My mother was fine but my father was always complaining. I used to attend auditions with a cousin of mine and at some point that cousin got an energy drink advert deal. My dad kept asking when it would be my turn because he felt I was wasting money and resources moving from one audition to another. So, when my first job came out and my mum called to tell me she saw it on television, I really wanted my dad to also know about it. After he saw it, he was so proud and encouraged me.
Before that time, did your father have other plans for you?
Yes. My dad always wanted me to be a fashion designer like him. Actually, after Junior High School I worked for him for a while; about eight months before I went to Senior High School. It is still in me but I am just waiting for the right time to bring it out.
Let’s go back to acting. What is your inspiration?
Well, when I had my first job I didn’t really struggle to get other jobs because after my first job people kept coming. So it wasn’t so tough.
You seem to be saying that your journey so far has been an easy one.
It is not as easy as I make it sound. I knew what I wanted in the industry. When you begin you are not paid enough, sometimes you are not even paid at all. When I began I was more focused on building a career rather than the money. So, I was actually not charging for five years.
How do you mean you were acting for free for five years?

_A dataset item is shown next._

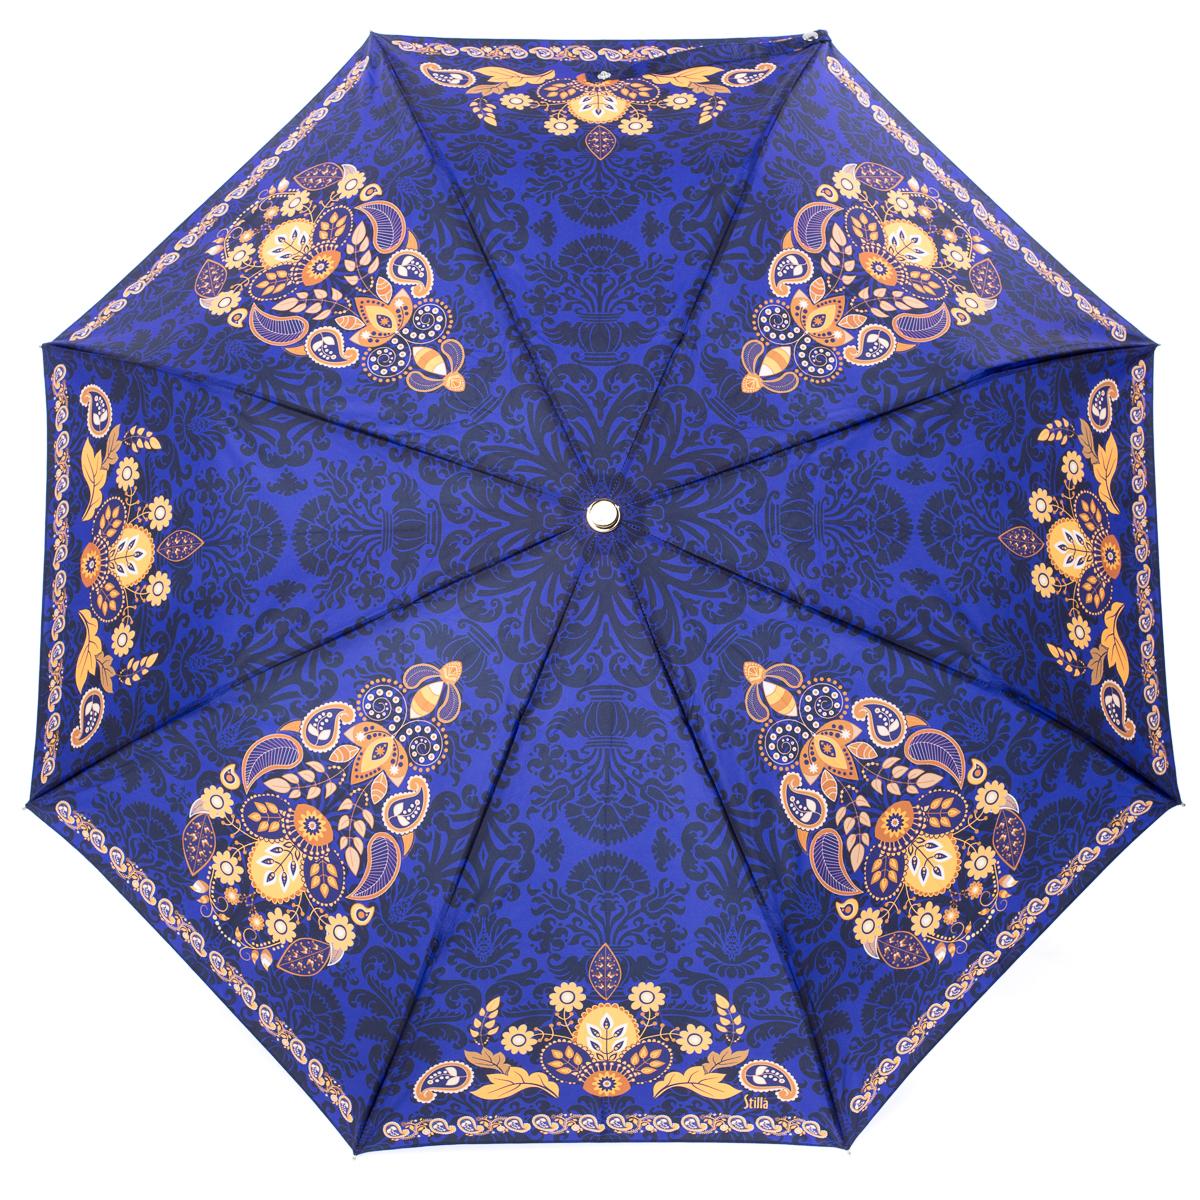 Зонт женский Stilla, цвет: синий, желтый. 743/1 miniПуссеты (гвоздики)Облегченный женский зонтик. Конструкция 3 сложения, полный автомат, облегченная конструкция (вес - 320 гр), система антиветер. Ткань - полиэстер. Диаметр купола - 112 см по верхней части, 101 см по нижней. Длина в сложенном состоянии - 27 см.

It wasn’t really for free but when someone approached me, I didn’t charge them. Rather, I just told them to give me what they deemed befitting for the role. So it was more like I was doing it for free. I just did it because I was enjoying the acting. I used those five years to pay my dues. But in 2013, I began to charge.
So how expensive are you?
Very expensive to the extent that when my name is mentioned people normally say: “I can’t pay him.”
Would you say you have arrived?
Yes, the time is here and now.
How many movies have you acted?
I’ve lost count but I would say about 40; mostly Ghanaian but I just got back from Nigeria where I went to shoot my first Nigerian movie titled “Circle of Trust.”

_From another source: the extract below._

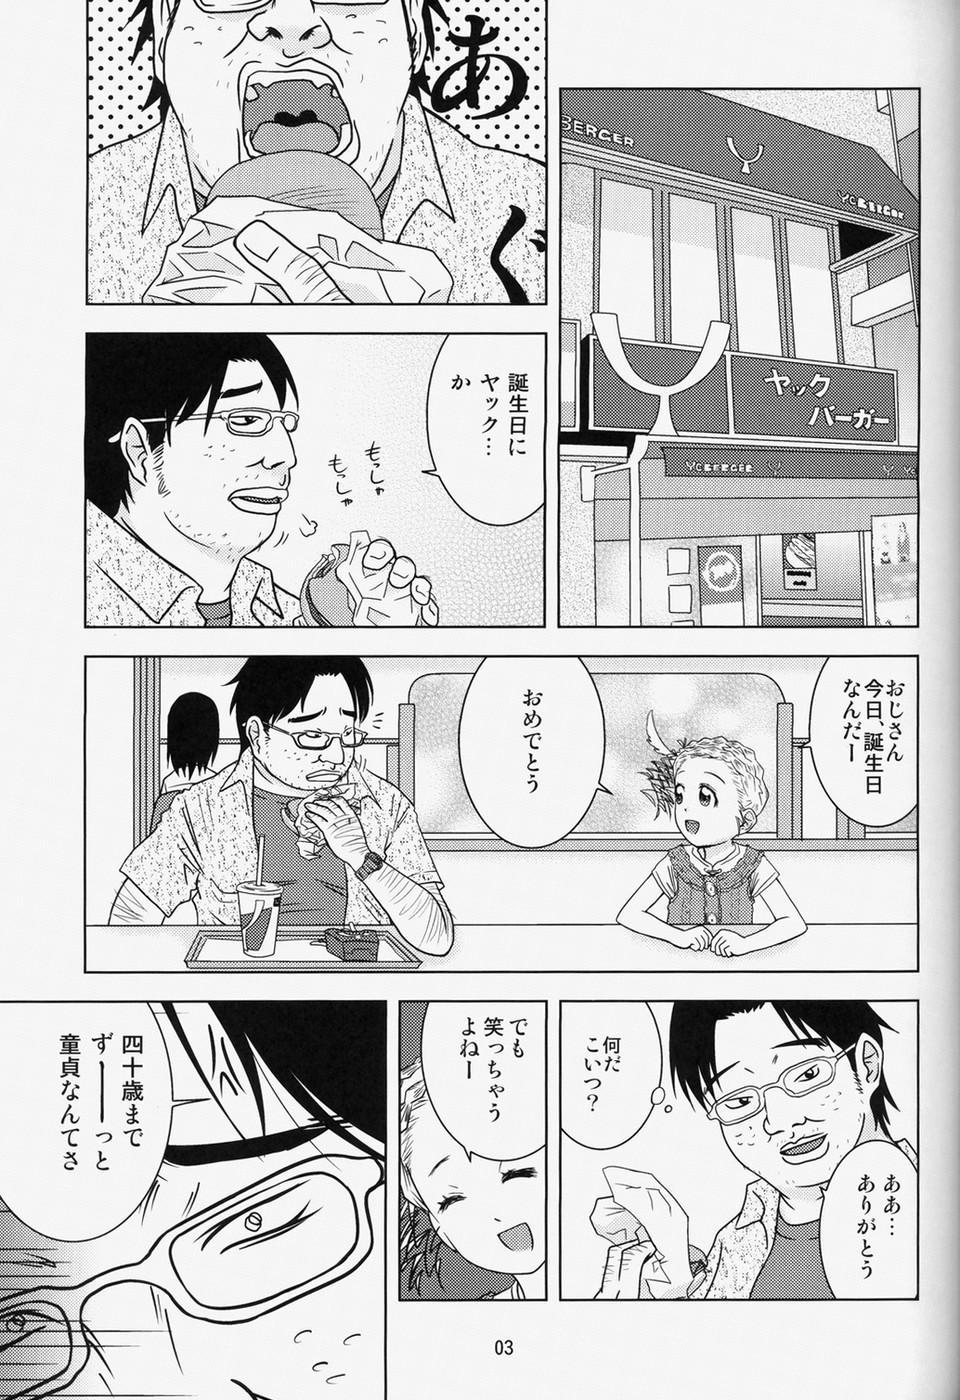 Moshimo Jikan ga Tomattara!? 2 Byou 1

Which movie would you say has since been your best?
“Happy Deathday” is my best movie.
Any awards yet?
Yes! I won the best upcoming actor award in Abuja in 2012. I also had the most promising actor award in 2013.
Talking of promising talents, do you think the Ghanaian industry allows the growth of young people?
I think it is better now. I have been on jobs where I met new actors who are really good.
What are some of the challenges you face as an actor?
Challenges, I used to get really nervous whenever I acted with someone new. When I started acting with Jackie Appiah, I was really nervous. My second job I met Nadia and it was worse. I think that was one of the biggest challenges but now I’m okay.
Who is your crush in the industry?
I would say Juliet Ibrahim; and in Nigeria, Genevieve Nnaji and Monalisa Chinda.
Are you in a relationship?
Yes, I am. I have been for a very long time; about seven years. People don’t see me to be that kind of a man but I am faithful and a one woman man.
How soon would the marriage be?
All I can say is it would be very soon.
How do you manage the female pressures as an actor?
Well, I think the key is to keep them in the circle. You don’t entertain them too much but be nice and don’t cross the line. It is very difficult but I try.
Is the Ghanaian movie industry lucrative as much as the Nigerian movie industry?
It is very lucrative. I get paid well.
What is your worse moment as an actor?
I think it’s when the director is not in a good mood because it makes the whole “set” tensed. It can be really tensed.
Apart from movies what else do you do?
I currently own a pub at East Legon called “briefcase”. Although my job doesn’t really give me the luxury of time I am very much involved in its operations.
What do young people who look up to you need to know?
It’s not rosy. It is very tough out there. They just have to keep pushing because someone might be somewhere watching. That’s how it happens. They need to also be very humble.